WHAT IS REQUIRED
Once you reach the line that holds "Early 1900s Dayton" in the listing below, output it and every line after it through the line that holds "Shoes - Under", word for word.

SOURCE DATA
-- Opening Marker --

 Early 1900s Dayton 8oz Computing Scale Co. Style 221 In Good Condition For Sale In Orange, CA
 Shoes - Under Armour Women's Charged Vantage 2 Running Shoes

-- Closing Marker --
-- Opening Marker --

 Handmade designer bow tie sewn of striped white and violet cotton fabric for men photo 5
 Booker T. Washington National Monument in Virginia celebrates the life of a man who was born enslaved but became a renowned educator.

-- Closing Marker --
-- Opening Marker --

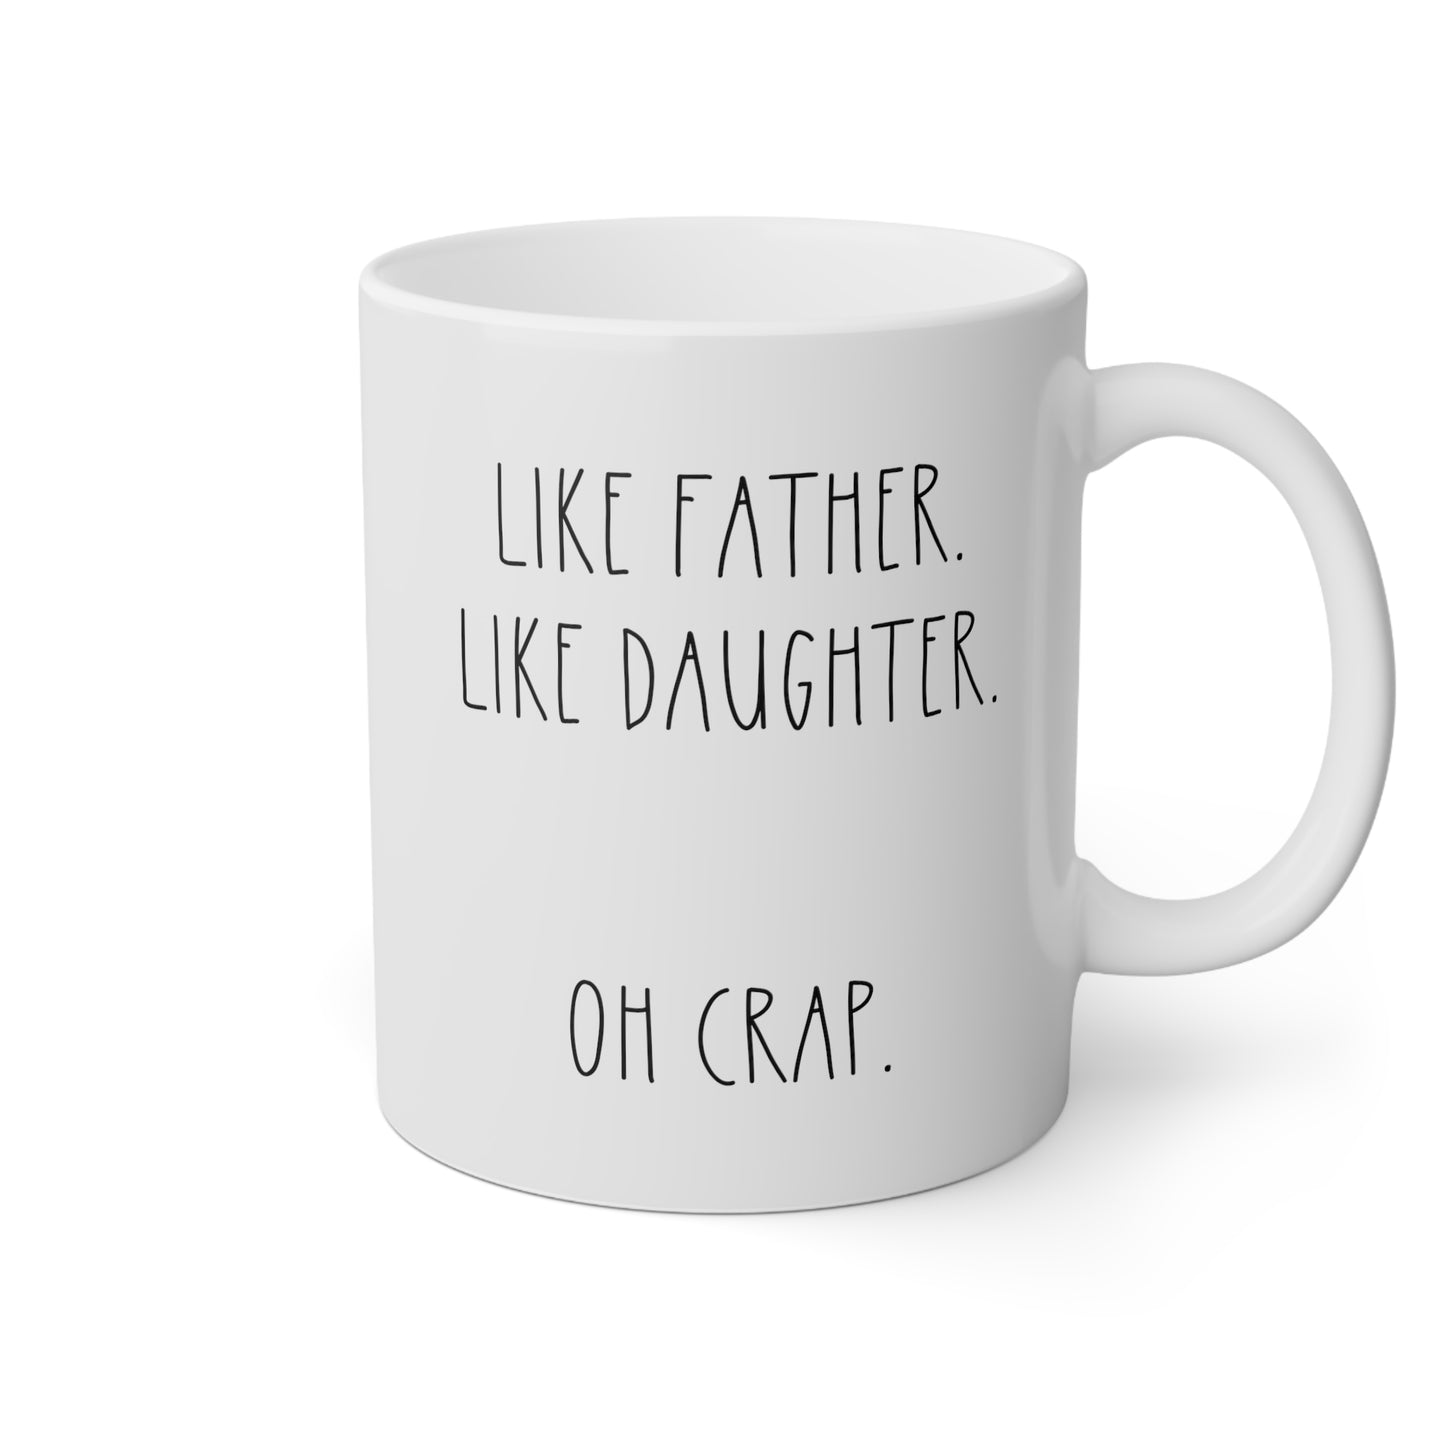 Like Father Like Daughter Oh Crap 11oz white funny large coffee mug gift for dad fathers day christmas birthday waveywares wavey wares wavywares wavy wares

-- Closing Marker --

WRITTEN SOLUTION
 Early 1900s Dayton 8oz Computing Scale Co. Style 221 In Good Condition For Sale In Orange, CA
 Shoes - Under Armour Women's Charged Vantage 2 Running Shoes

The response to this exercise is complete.